For kNN, processing time may not take as long as Random Forest Classifier this time round, as there is only 1 feature and 18000 rows, but the accuracy is worse with no apparent trend of improve. Using 5 number of neighbours, which is the default value, the accuracy was 65%, when it was 11, accuracy increased to 65%. But when trying with n = 50 and 100, as I thought it may help with dataset this big, but no improvement can be seen.
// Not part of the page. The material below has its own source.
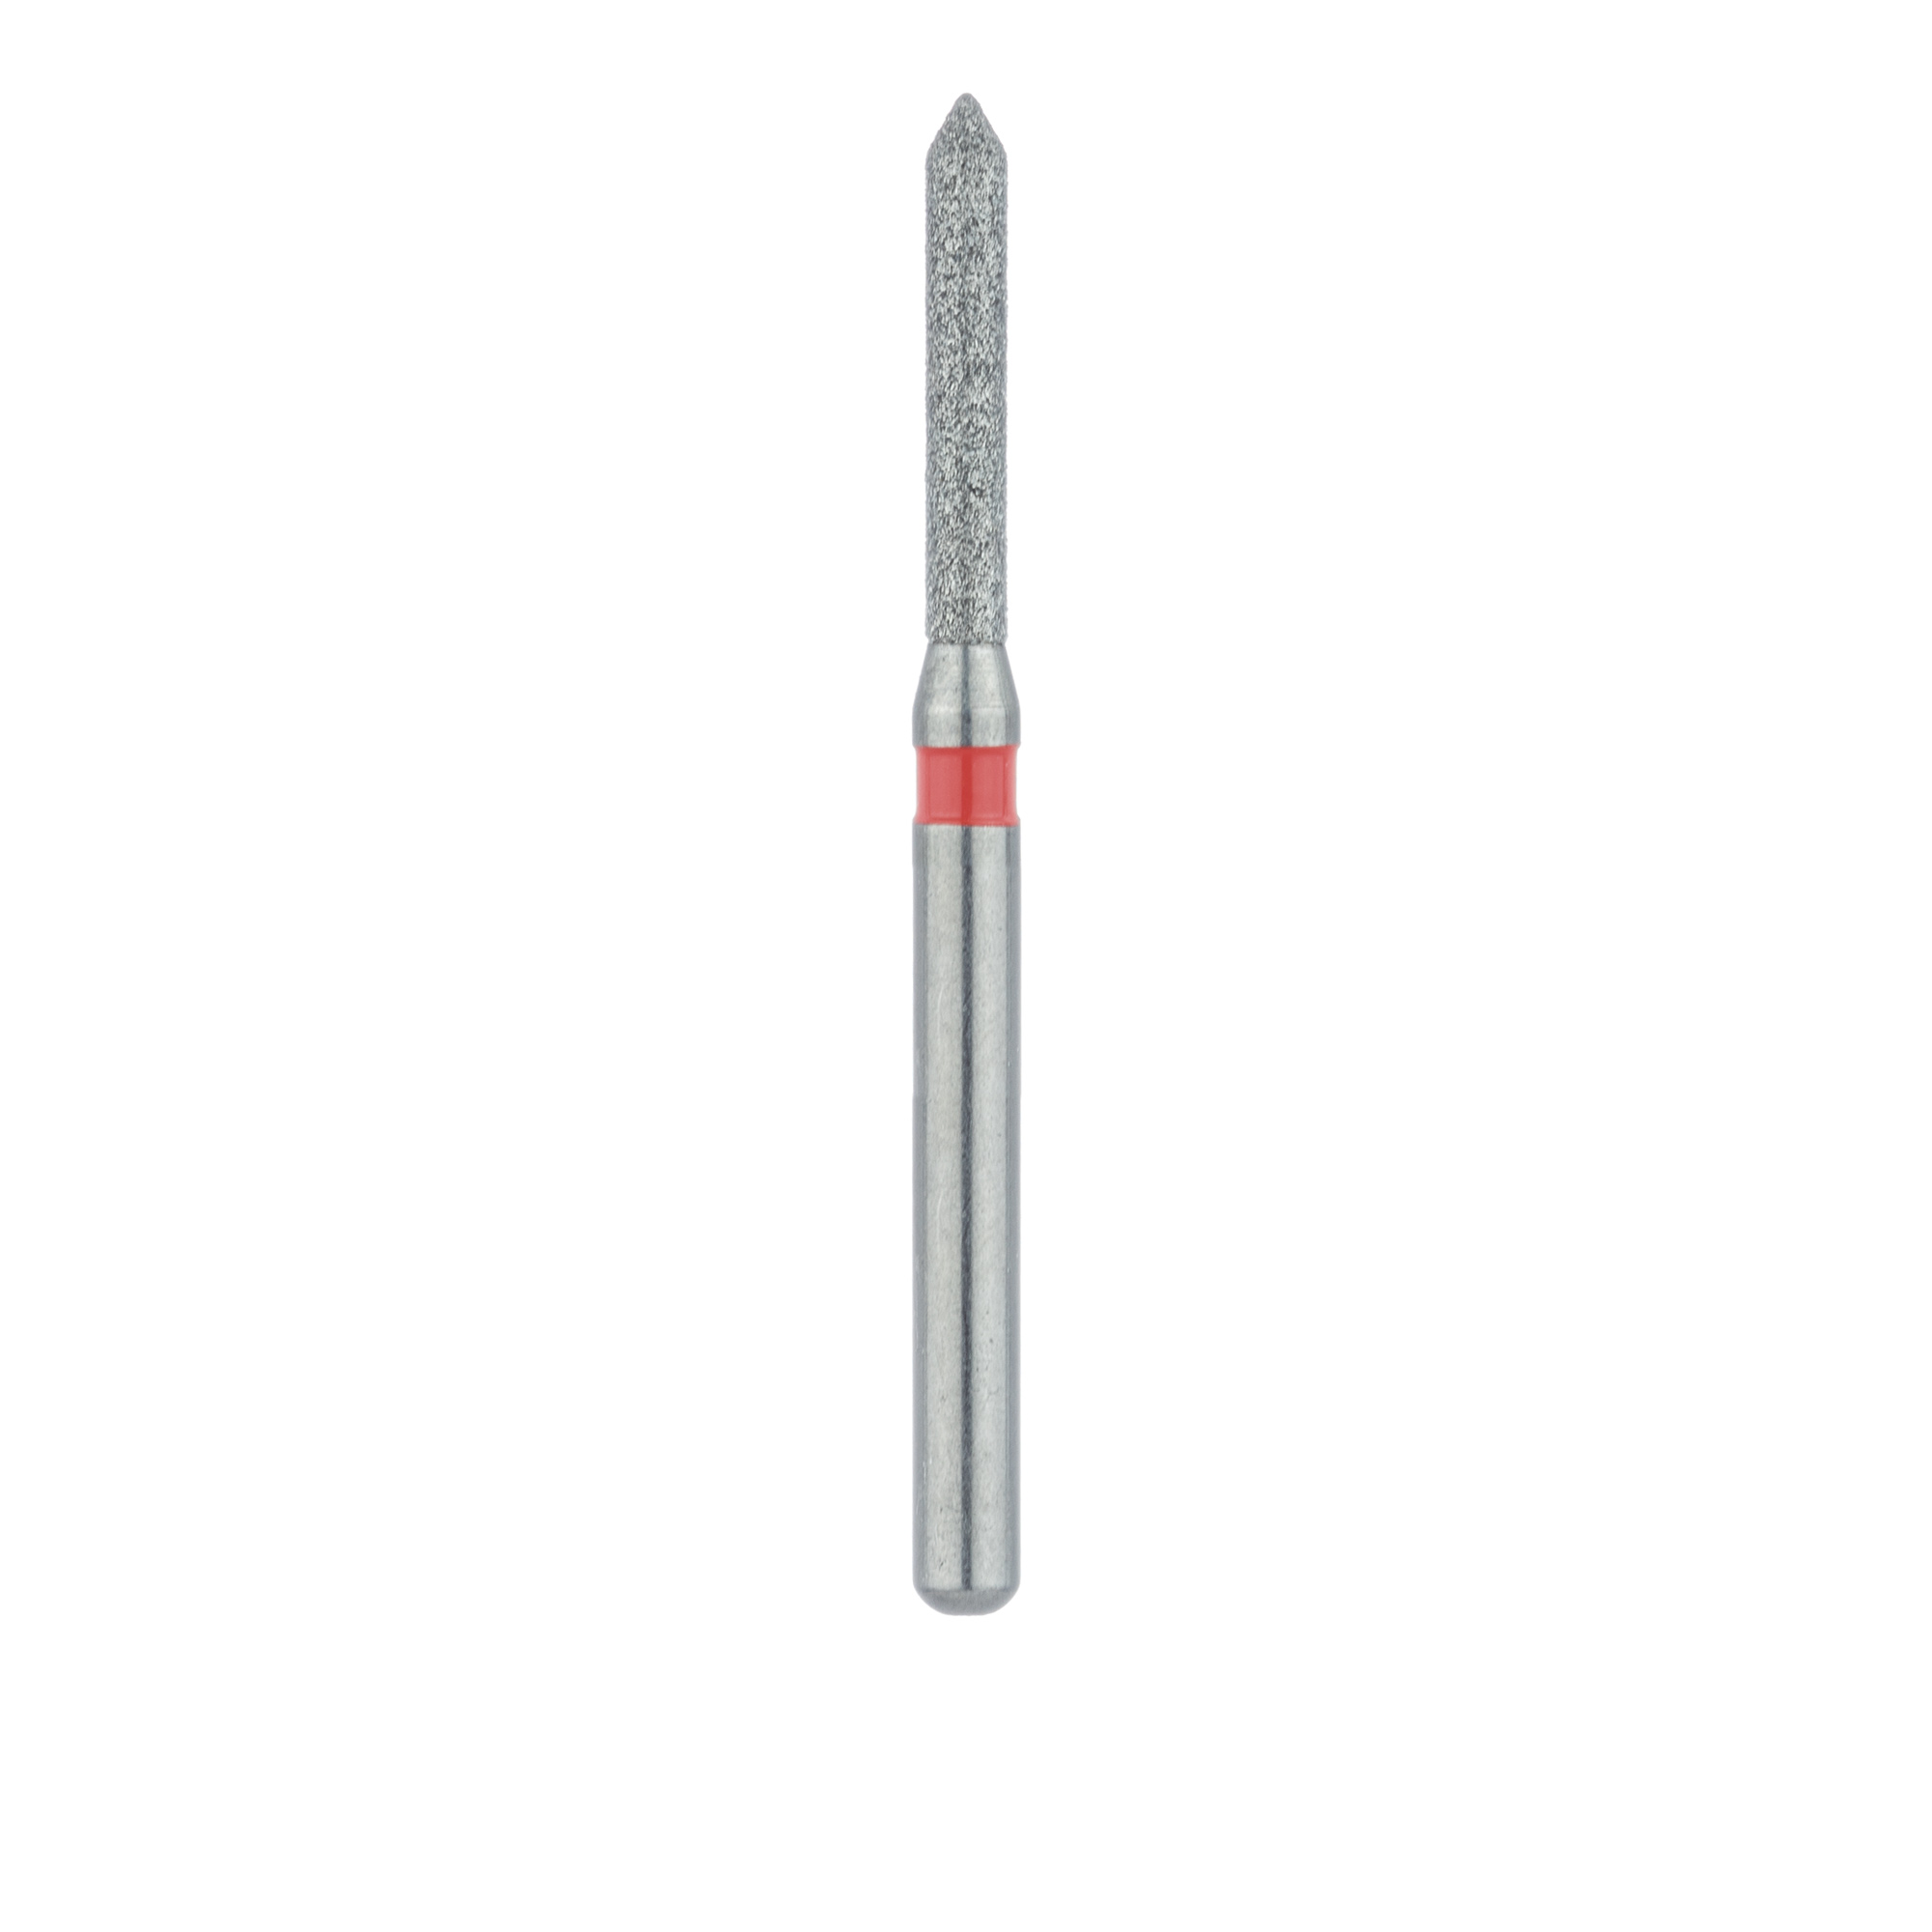 885F-012-FG Pointed Tip Cylinder Diamond Bur, 1.2mm Ø, Fine, FG

Multinomial Naive Bayes is clearly the pick using this dataset.
Conclusion
With the two dataset shown here, I hope I have demonstrate enough that the type of dataset matters as much as the models that are being used. Models clearly have different strength and weaknesses, even though it is also designed to be as versatile, such as the Random Forest Classifier, but there are still limitation on what it can do. When using real world data, or real world modelling, I assume there are a lot of factors that needs to be considered such as the Forest Covertype dataset that was used earlier. If a project has more hardware resource or time on their hand, then kNN Classifier may suit their need just fine as they will need high performance rather than it being quick, as compared to a project which require faster learning with acceptable output, such as Random Forest Classifier on the Forest Covertype dataset. Lastly, the dataset was not pre processed particular for any of the models as well. To further improve their performances, we could definitely have spent more time on processing the data to carter to the model, such as ensuring features have gaussian property before using Gaussian Naive Bayes.